The old playbook for hiring talent is changing. Apprenticeships are proving to be one of the most direct and reliable routes into skilled work – and not just for employees.
The UK Government’s expansion of funded apprenticeships for under-25s in small businesses is a case in point. The scheme, which is set to roll out in April 2026, lowers the cost barrier for smaller employers and makes it easier to bring young people into the workforce at a time when hiring remains cautious and competition for roles is intense.
At a time when rising tuition costs, student debt and uncertainty about outcomes are prompting many young people to reassess their options, it’s not surprising that apprenticeships are being recognised as a practical route towards employment.
While universities have long been positioned as the default route into establishing a career, it’s clear a broader rethink is underway with Employment Hero’s research highlighting that 46% of SMEs value apprenticeships and degrees equally. Government U-turns on university enrolment targets reflect as much. Last year, the Prime Minister scrapped its 50% benchmark, acknowledging that “gold-standard apprenticeships” are also useful means for young people to earn and learn at the same time.
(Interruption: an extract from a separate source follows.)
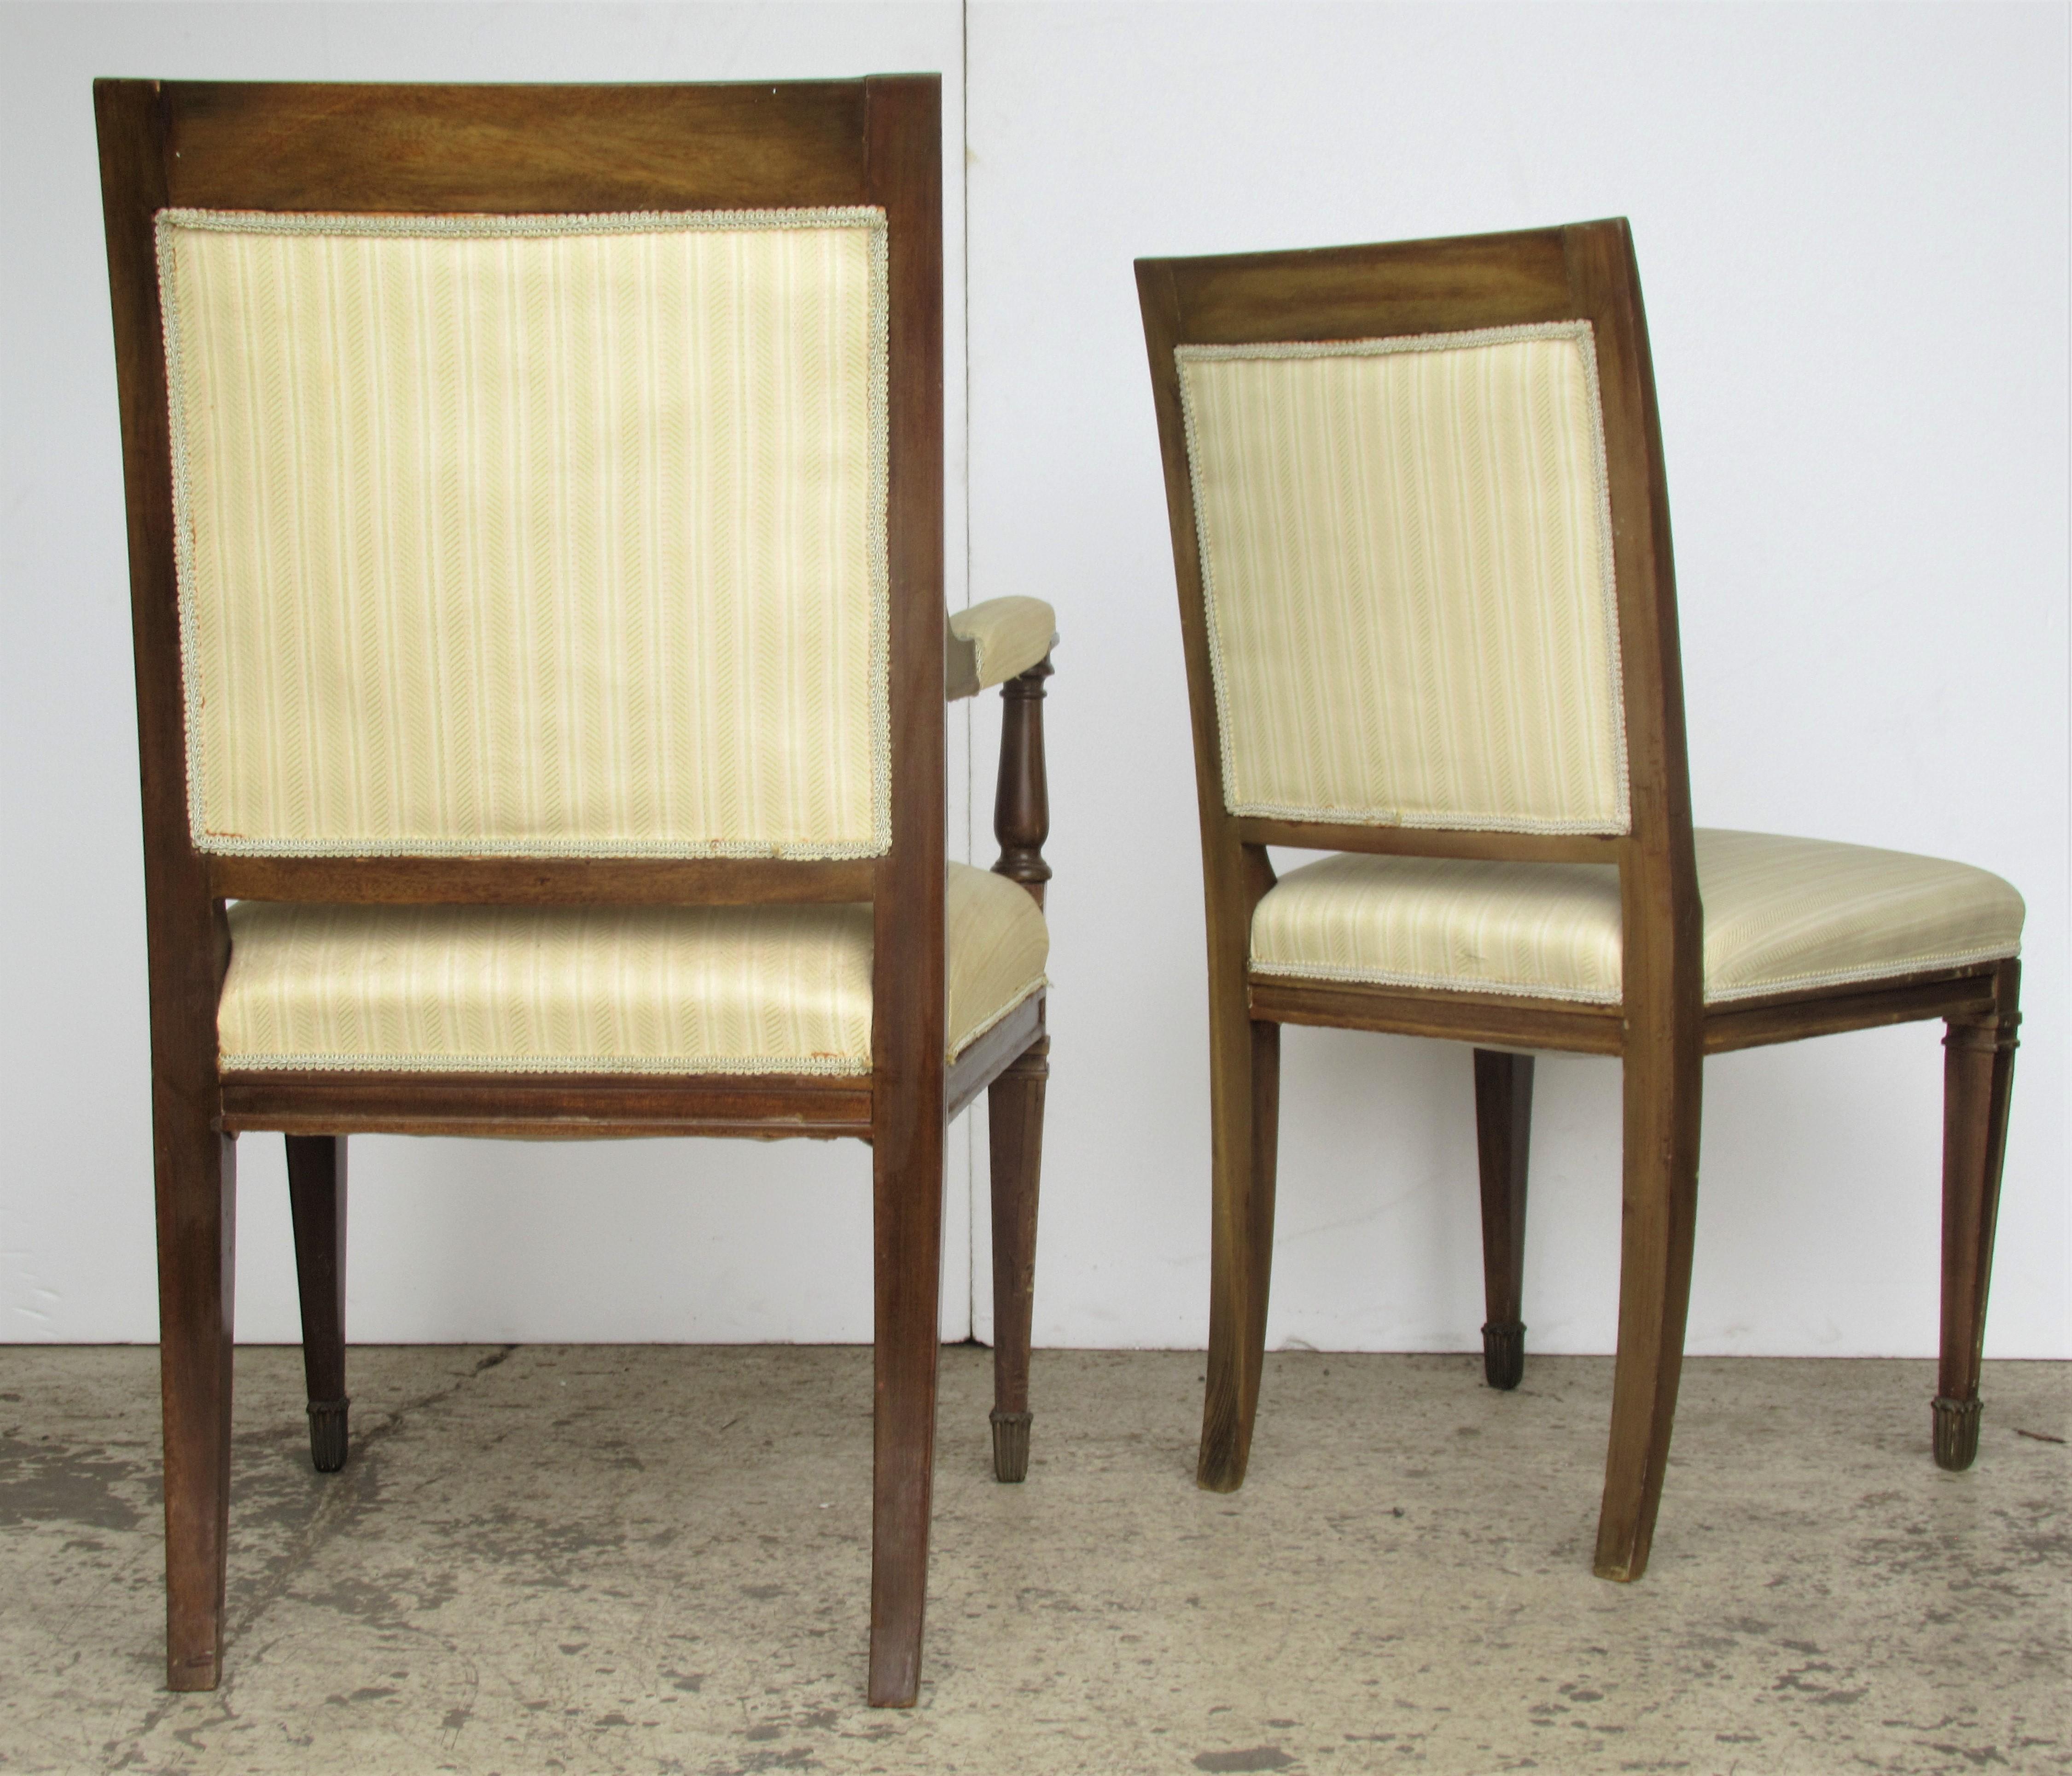 Ein Satz von zehn Stühlen im französischen Empire-Stil mit feinen Details aus Messingmetall  Ormolu-Beschläge an den Rückseiten, Beinen und Füßen - die Holzrahmen mit gealterter Originallackierung . Es gibt zwei Sessel und acht Beistellstühle.

Small and medium-sized enterprises (SMEs) are natural beneficiaries of this shift. Not only are apprenticeships a practical way to build capability over time, they also help manage hiring risk and grow talent in ways that truly fit how smaller organisations operate.
Building Resilience: The Personal Case for the Apprenticeship Route
I know the value of that firsthand, because an apprenticeship was the route that launched my career. Growing up on a council estate in Ireland where financial security wasn’t a given meant that finding stability and holding onto it was incredibly important to me from an early age. My grandfather, the treasurer of the local credit union, showed me what that looked like. I saw him solve cashflow challenges for individuals and local businesses and appreciated the impact he had on our community.
By the time I was 18, I took those lessons and left school to train as a junior accountant in a small firm that served SMEs. The stakes were set immediately: my boss paid my tuition on the condition that if I failed my exams, I’d have to pay him back.
I was working a 9-5 job and studying three evenings a week plus weekends, meeting business owners, seeing cash flow pressures up close, and understanding how payroll and tax affected people’s livelihoods in real time.
That sort of hands-on exposure built a level of confidence that textbooks alone can’t teach. And by the age of 23, I was a qualified accountant earning good money, contributing meaningfully to the businesses I worked with.
Rising Demand: Why UK SMEs Are Investing in Youth
Recent Government figures suggest today’s apprentices are finding similar value in taking similar paths. Take-up for apprenticeships rose by 4.1% year-on-year in the 2024-25 academic year, while completions increased by more than 11%.
There’s appetite for more apprenticeships on both sides, with our research showing that 73% of SMEs want to embrace the Government’s apprenticeship push, but 43% said that navigating the apprenticeship system is complex, potentially affecting hiring decisions. It signals a genuine willingness among small businesses to invest in early-career talent, but access and execution still matter. If apprenticeships are to deliver real value, SMEs need them to be straightforward to onboard, support, and develop apprentices without being buried in admin.
They also need to ensure that every hire delivers. For apprentices in SMEs, that means there’s nowhere to hide. The same was true when I took my course at the start of my career. Rather than being relegated to menial tasks, I was exposed to clients and customers early, which meant I quickly understood the stakes of my role.
Accelerating Careers: From Local Accounting to Global Tech
After qualifying as an accountant and moving to the UK to join a larger firm, the contrast was stark. Decision-making crawled, hierarchies were steeper and the distance from the client was far greater. It reinforced something I’d already learned: responsibility accelerates learning, and smaller businesses tend to offer it much sooner.
Far from limiting my career, that foundation fuelled my growth, giving me the agility to pivot from accounting into tech, which led to leading commercial teams in Australia and Singapore. The resilience I learned juggling work and study at 18 is the same resilience I relied on when scaling businesses years later.
National Apprenticeship Week is a useful moment for employers to take stock. Not just to celebrate success stories, but to ask whether apprenticeships could play a bigger role in their own hiring strategy.
My journey from a junior apprentice to a global tech leader proves that this route builds the kind of resilience and commercial instinct that modern business demands. If I were starting out today, I wouldn’t choose any other journey.